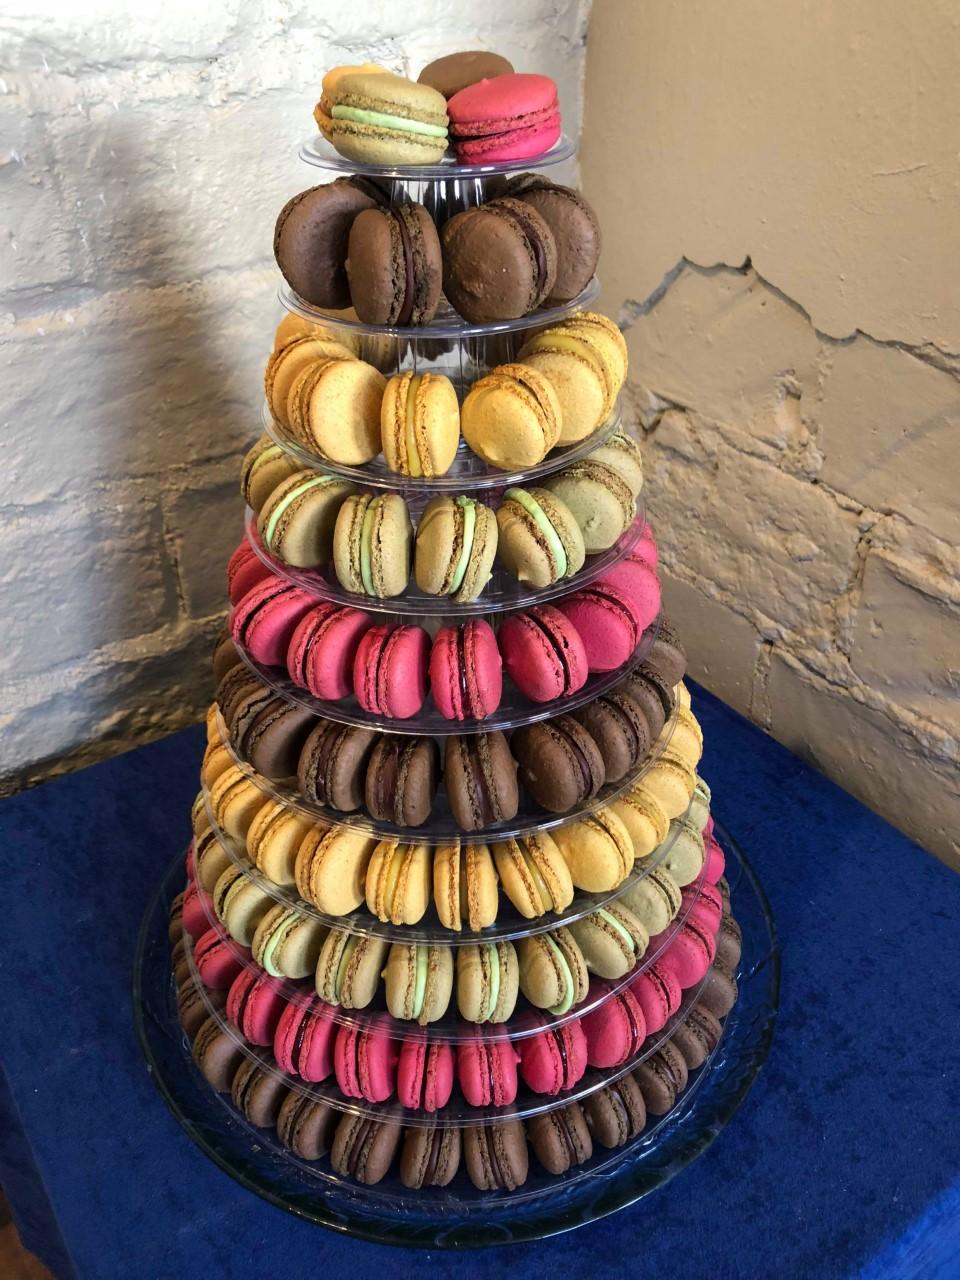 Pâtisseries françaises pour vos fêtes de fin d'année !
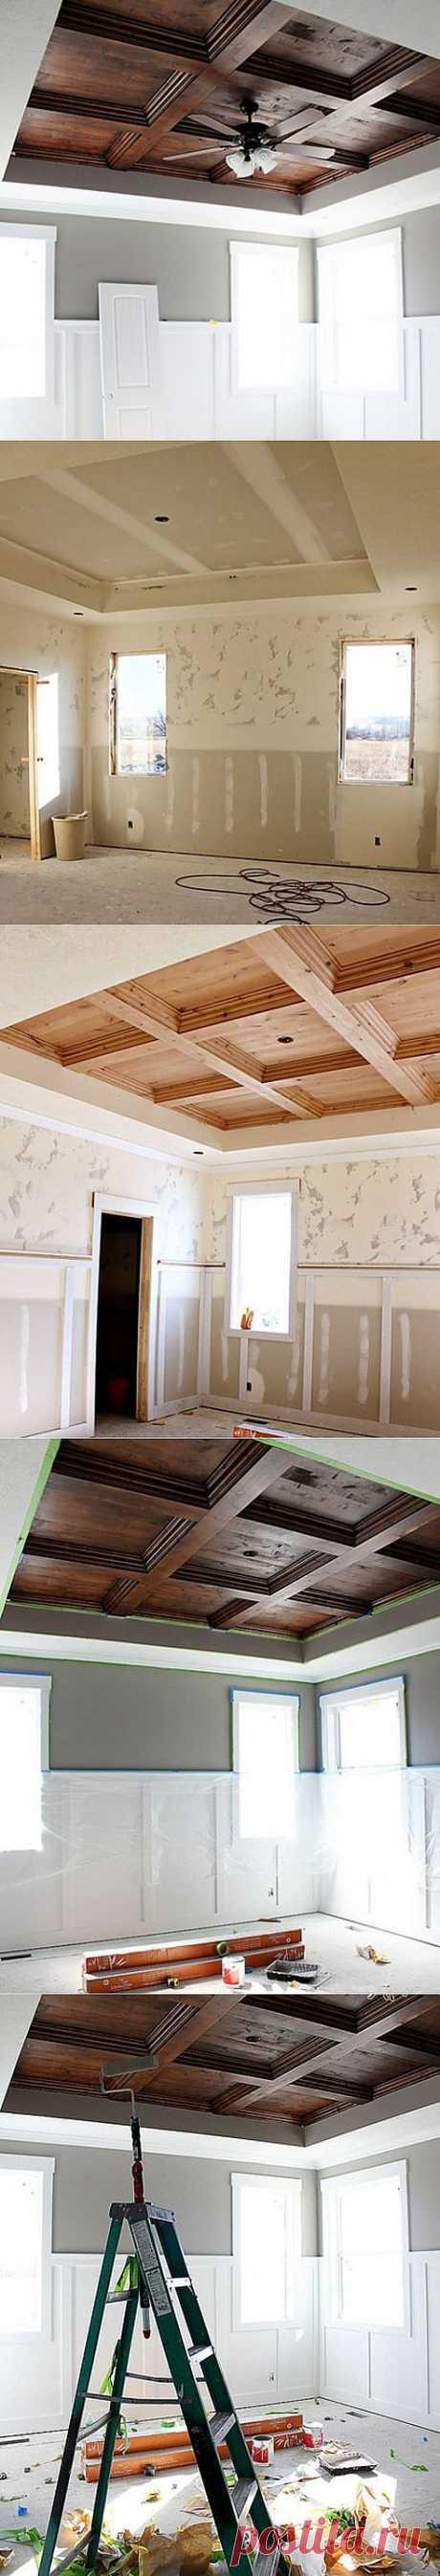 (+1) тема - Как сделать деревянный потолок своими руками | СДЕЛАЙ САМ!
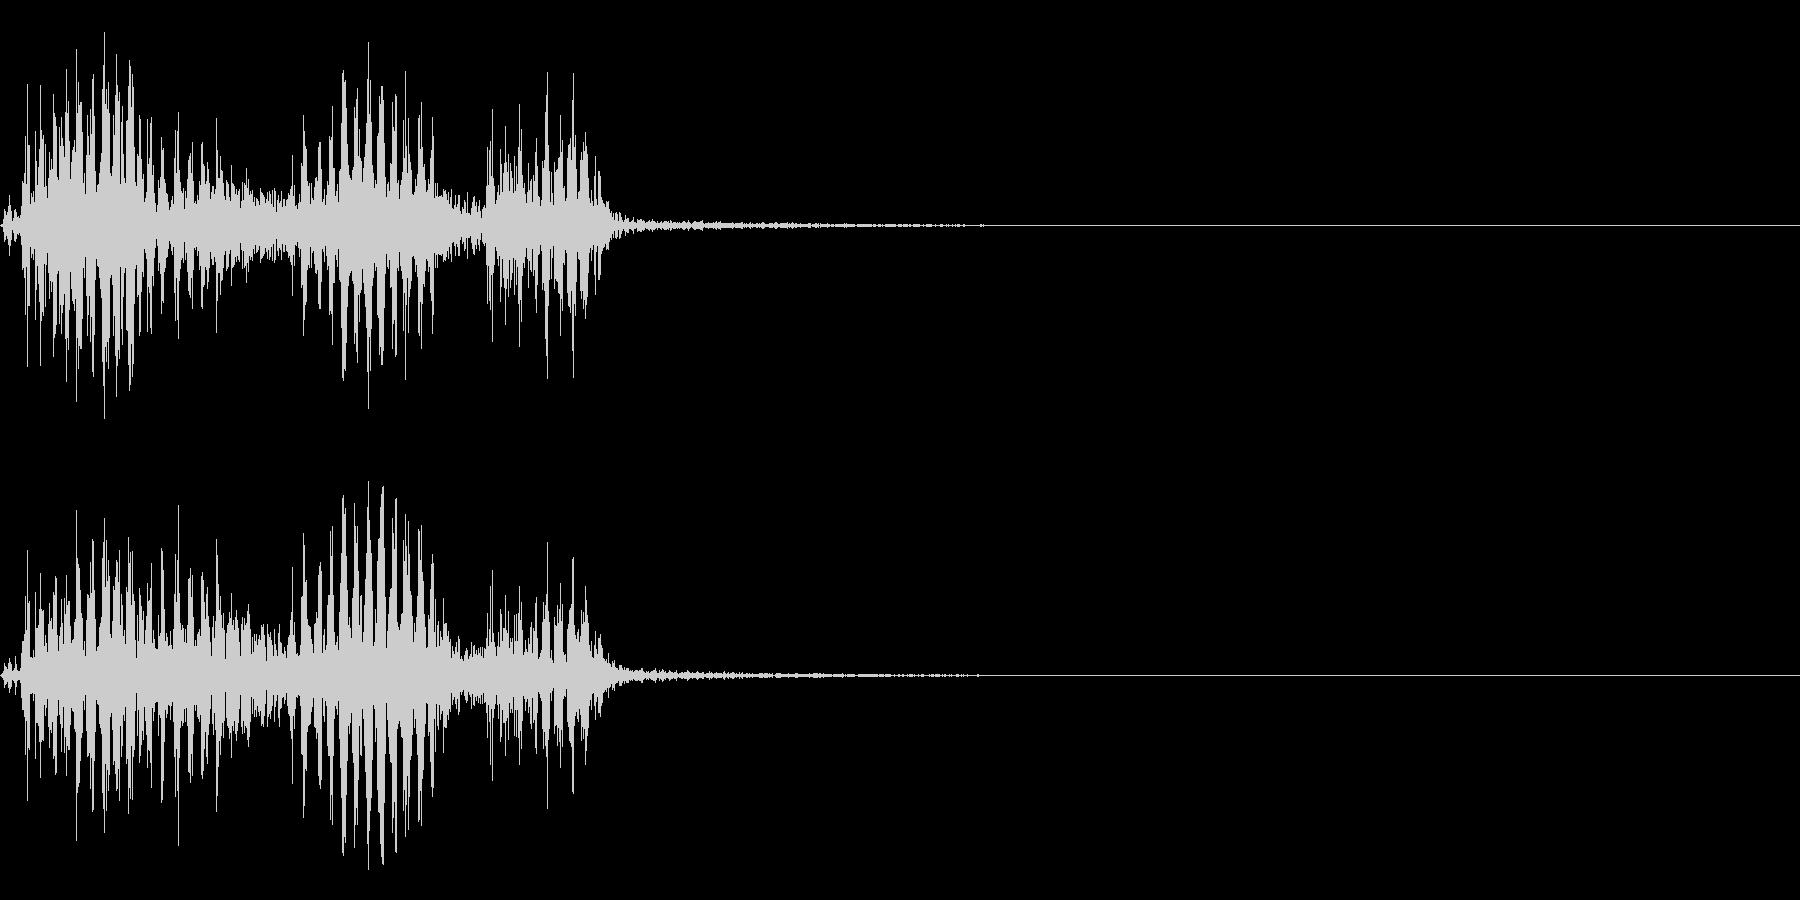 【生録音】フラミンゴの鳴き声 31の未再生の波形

──────────────────────────────

▸ **Problem description**
Repeat the data in full, exactly as it stands, but drop every picture.

▸ **Output for this task**
 Pâtisseries françaises pour vos fêtes de fin d'année !
 (+1) тема - Как сделать деревянный потолок своими руками | СДЕЛАЙ САМ!
 【生録音】フラミンゴの鳴き声 31の未再生の波形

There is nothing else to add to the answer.